(Dr. Ben Zinn, advisor)
"Fast and Slow Active Control of Combustion Instabilities in Liquid-Fueled Combustors"
This thesis describes an experimental investigation of novel active control approaches that are employed to suppress combustion instabilities in liquid-fueled combustors. The objectives of this research are to break up the feedback between the combustion process heat release oscillations and the combustor pressure oscillations that drives the instability, and to develop an understanding of the manner in which the active control damps combustion instabilities. To attain these goals, this research investigates two different active control approaches: “fast” and “slow” active control approaches.
A “fast” active controller requires continuous modulation of the fuel injection rate at the frequency of the instability with proper phase and gain. Use of developed optical tools reveals that the “fast” active control system dramatically modifies the characteristics of the combustion process to suppress the instabilities. Specifically, it changes the nearly flat distribution of the phase between pressure and heat release oscillations to obtain a gradually varying phase distribution, thus dividing the combustion zone into regions that alternately damp and drive combustor oscillations.
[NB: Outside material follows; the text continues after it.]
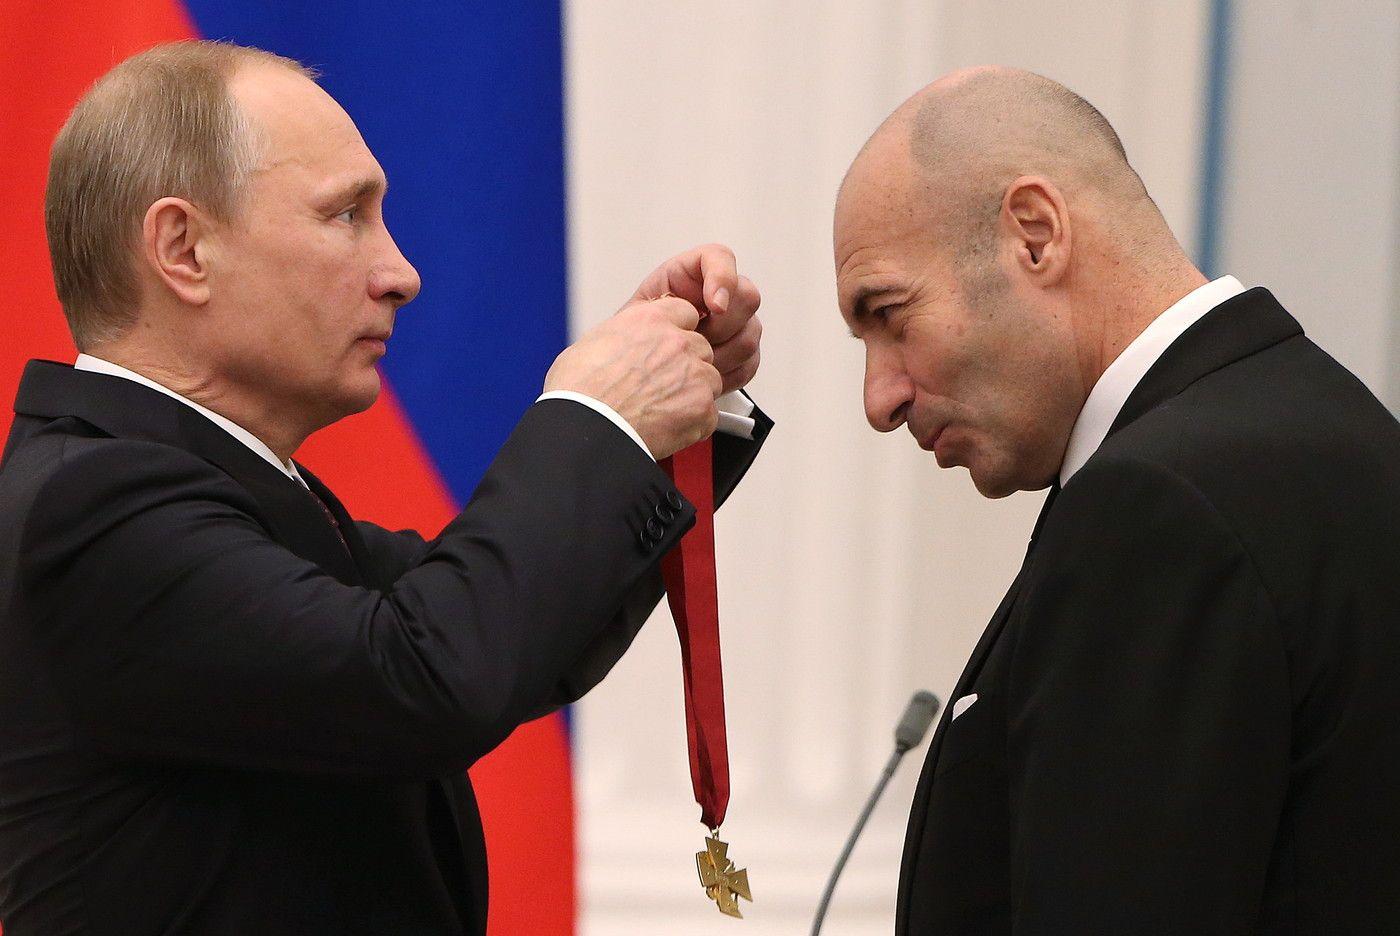 Владимир Путин вручает орден композитору Игорю Крутому.

The effects of these driving/damping regions tend to counter one another, which result in significant damping of the unstable oscillations.
In contrast to the “fast” active controllers, a “slow” active controller operates at a rate commensurate with that at which operating conditions change during combustor operation. Consequently, “slow” controllers need infrequent activation in response to changes in engine operating conditions in order to assure stable operation at all times. Using two types of fuel injectors that can produce large controllable variation of fuel spray properties, this study examines the feasibility of using such a control approach to suppress combustion instabilities. It is shown that by changing the spray characteristics it is possible to significantly damp combustion instabilities. Similar to the aforementioned result of the “fast” active control study, “slow” modification of the fuel spray properties also modifies the nearly flat phase distribution during unstable operation to a gradually varying phase distribution, resulting in combustor “stabilization”. Furthermore, deconvolutions of CH*-chemiluminescence images reveals the presence of vortex-flame interaction during unstable operations.
It is shown that the “fast” and “slow” active control approaches suppress combustion instabilities in a different manner. While the former achieves it by “out-of-face” pulsed fuel injections (i.e., the fuel injection rate is also “oscillatory”), the latter does it by controlled modification of the fuel spray properties that tends to decouple the pressure and combustion process heat release oscillations. These studies show, however, that both control approaches successfully suppress combustion instabilities by modifying the temporal and spatial behavior of the combustion process heat release that is responsible for driving the instability.